• _Work to complete_
Omitting all images, transcribe the listing word for word.

• _Data below_
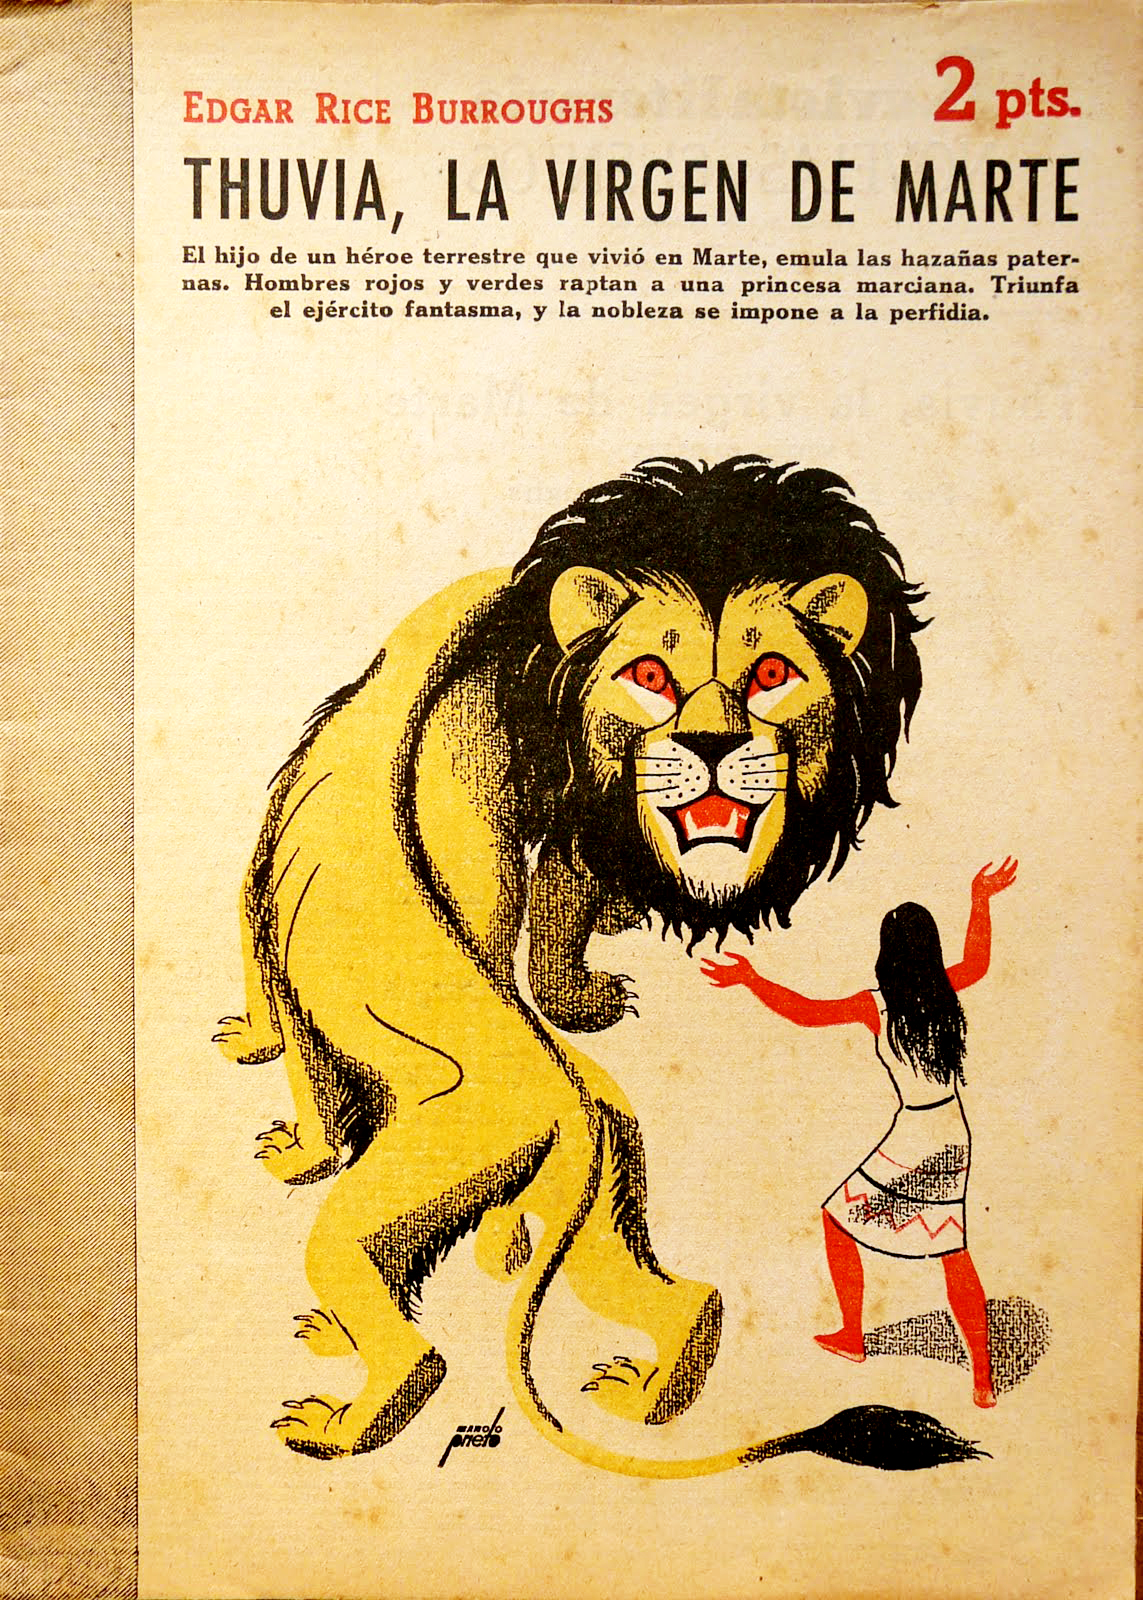 Manolo Pireto - Illustration for Edgar Rice Burroughs "Thuvia, Maid of Mars" (1949 Spanish Edition)
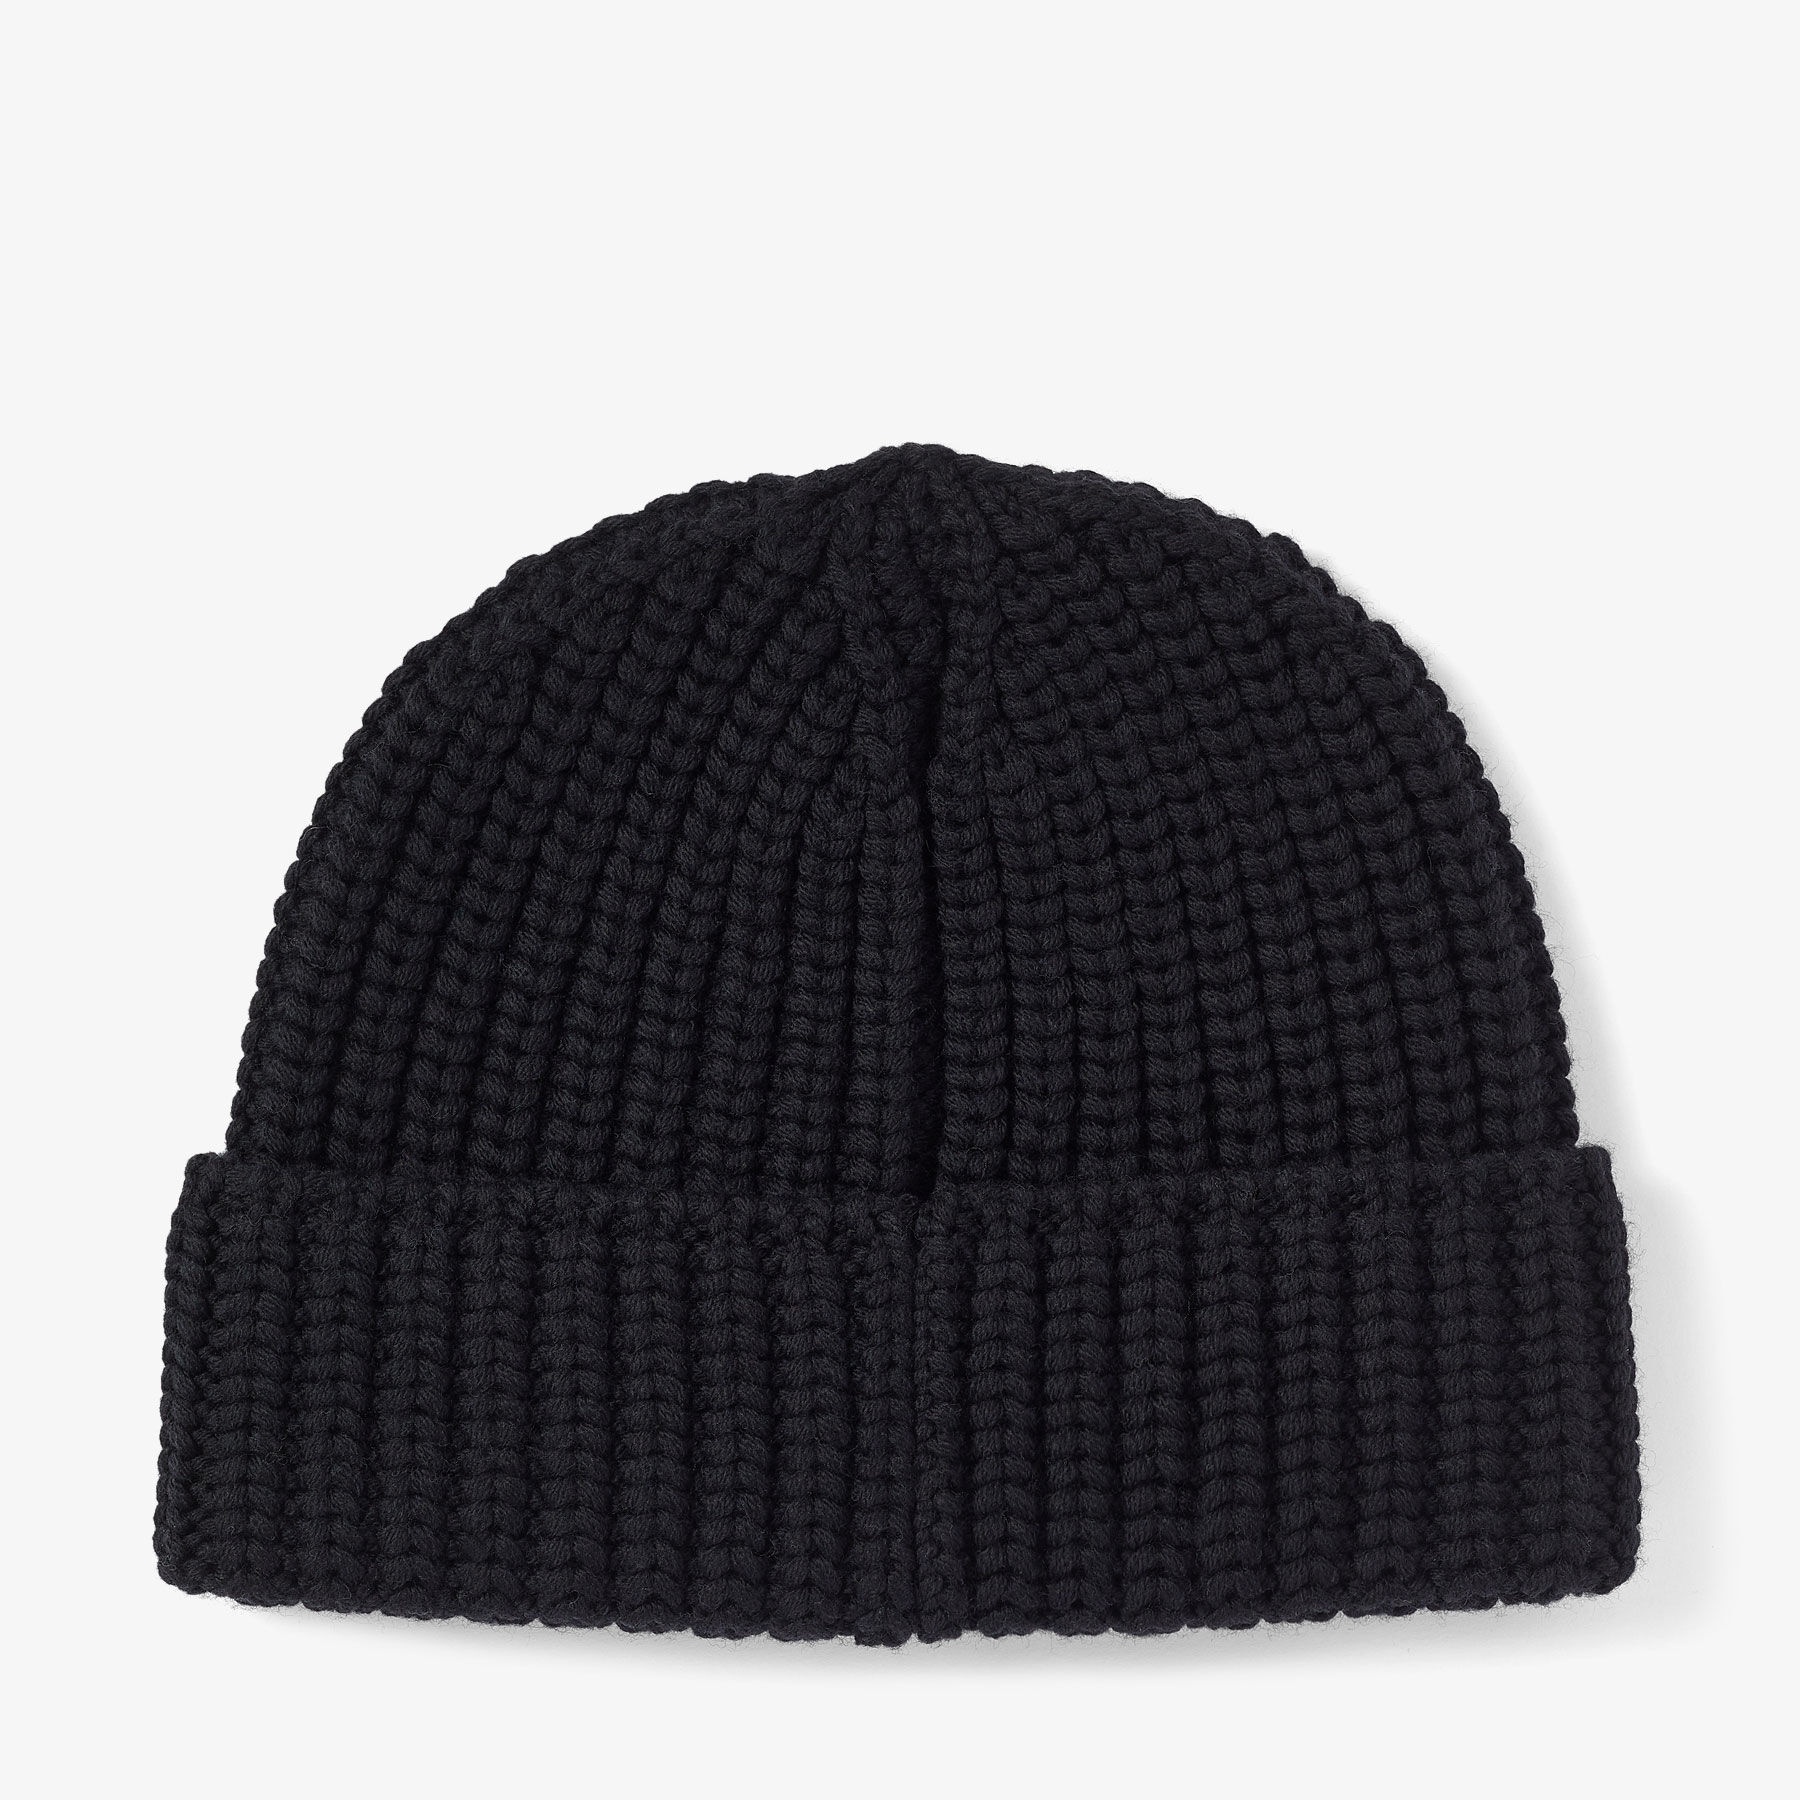 Yuki
Black Cashwool Knit Hat - 2

• _Result of this task_
 Manolo Pireto - Illustration for Edgar Rice Burroughs "Thuvia, Maid of Mars" (1949 Spanish Edition)
 Yuki
Black Cashwool Knit Hat - 2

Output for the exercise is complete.